Há poucos dias, me contaram uma história, enquanto meus olhos se perdiam da sonolência. A narrativa, de aparência desgastada, tinha três ou quatro folhas soltas pelo tempo e algumas linhas quebradas. Os fios que nos prendiam ao final feliz pareciam cortados por qualquer desatento, mas, ainda assim, me permitir a ouvi-la.
Enquanto soltávamos de um capítulo para o outro, a história percorria da comédia ao drama. Algumas vezes, nos perdíamos entre tantos parágrafos e períodos, mas você soube me segurar com firmeza. Tropecei em cada vírgula e você riu por todas tentativas de equilíbrio. No entanto, não conseguiu evitar os meus estilhaços, quando ouvi daquelas linhas as nossas despedidas e desencantos.
Procurei uma borracha e desejei apagar todas as frases que nos fizeram cair em prantos. Esfregava com vigor, sem puder e continuamente, porém nada se desfazia. Com um olhar de censura, você dizia que nenhum texto podia ser corrigido, pois as lembranças já não nos pertenciam.
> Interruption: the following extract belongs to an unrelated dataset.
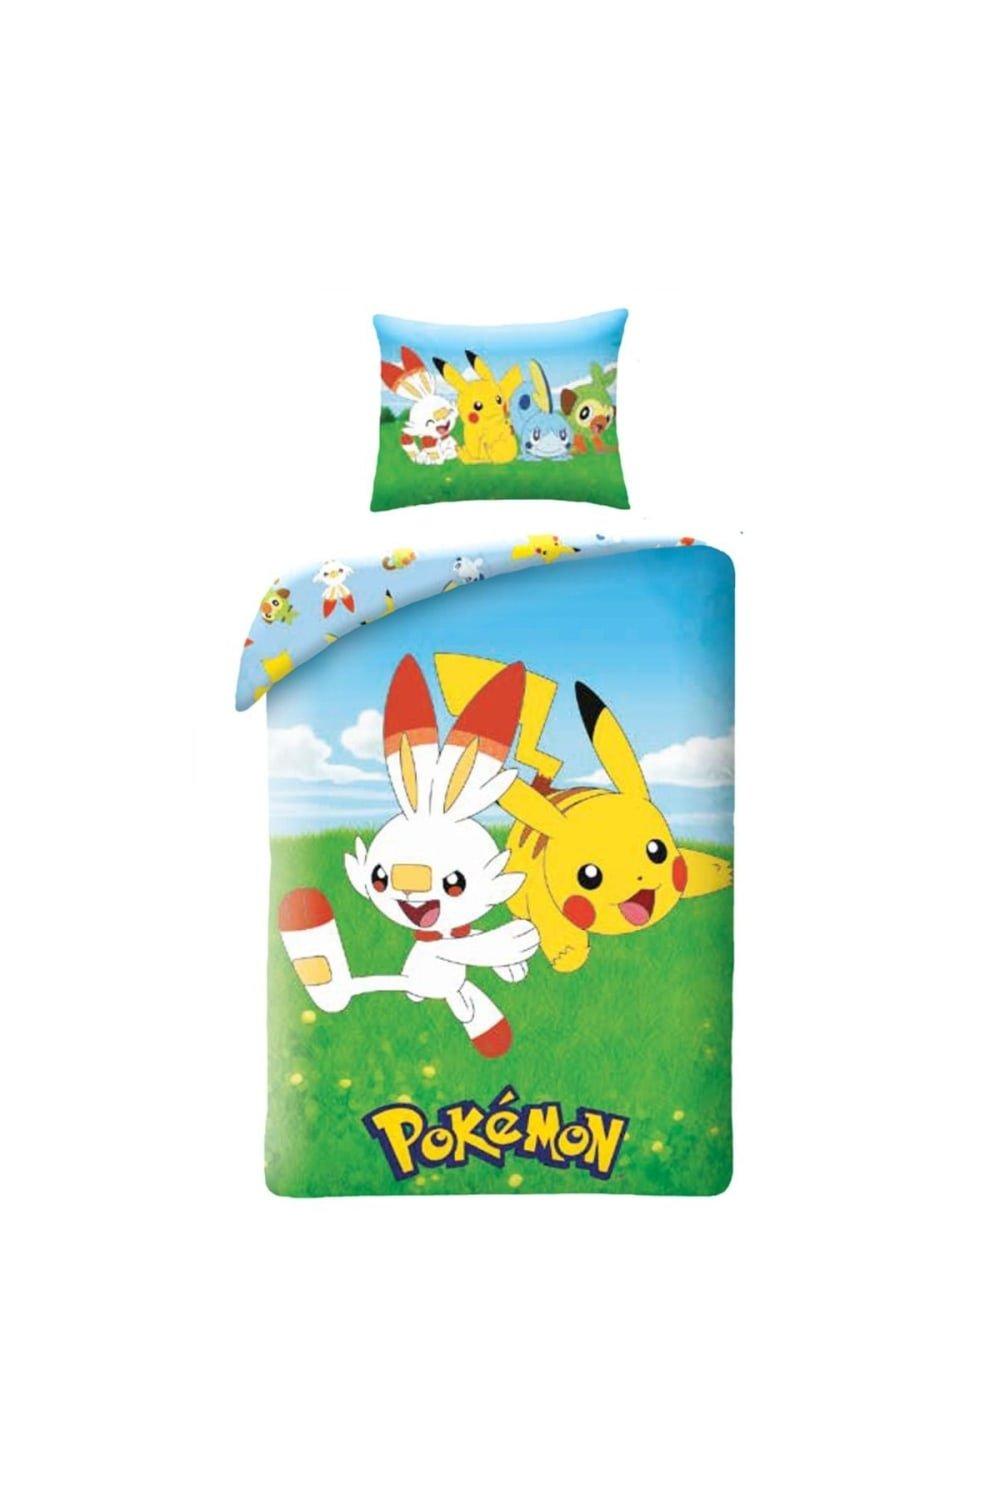 Pikachu & Friends Duvet Cover Set
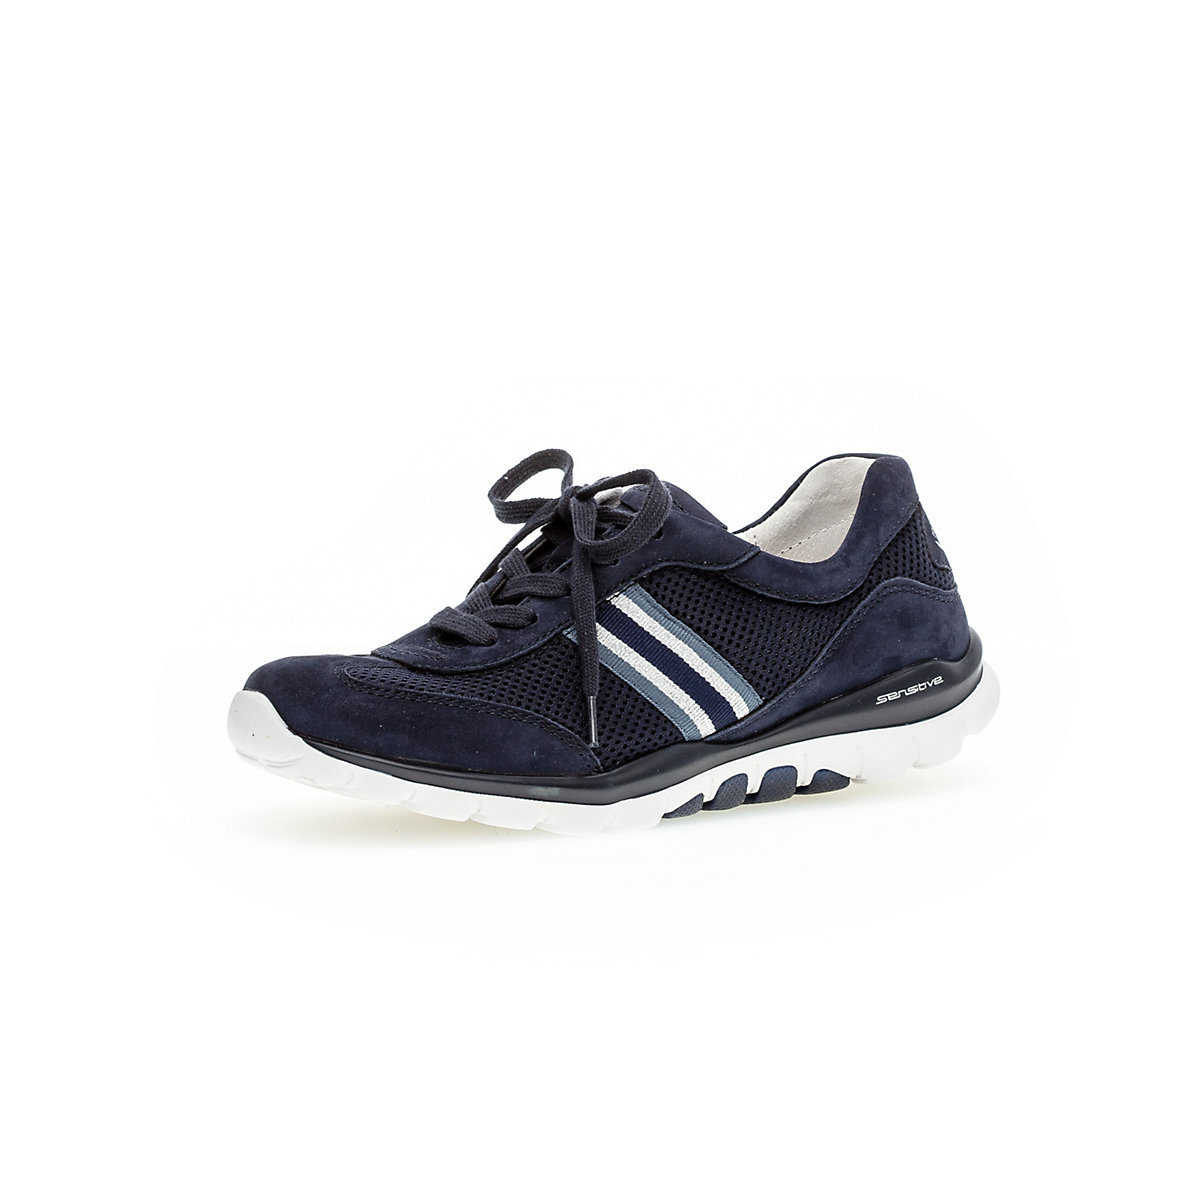 rollingsoft sensitive Rollingsoft Sneaker low Materialmix Leder/Lederimitat blau Sneakers Low blau

Cada folha, cada frase, rabiscos ou borrões foram vendidos ao tempo, em troca de vivermos sossegados longe um do outro.
Sem o mesmo ânimo, folheei mais algumas páginas e perguntei o motivo dessa nossa escolha. Ao olhar a capa, percebi os nossos nomes como autores, mas não éramos mais os donos, somente coadjuvantes do tempo. Fechei o livro e o guardei entre os meus pertences. Decidi te ter apenas nas entrelinhas.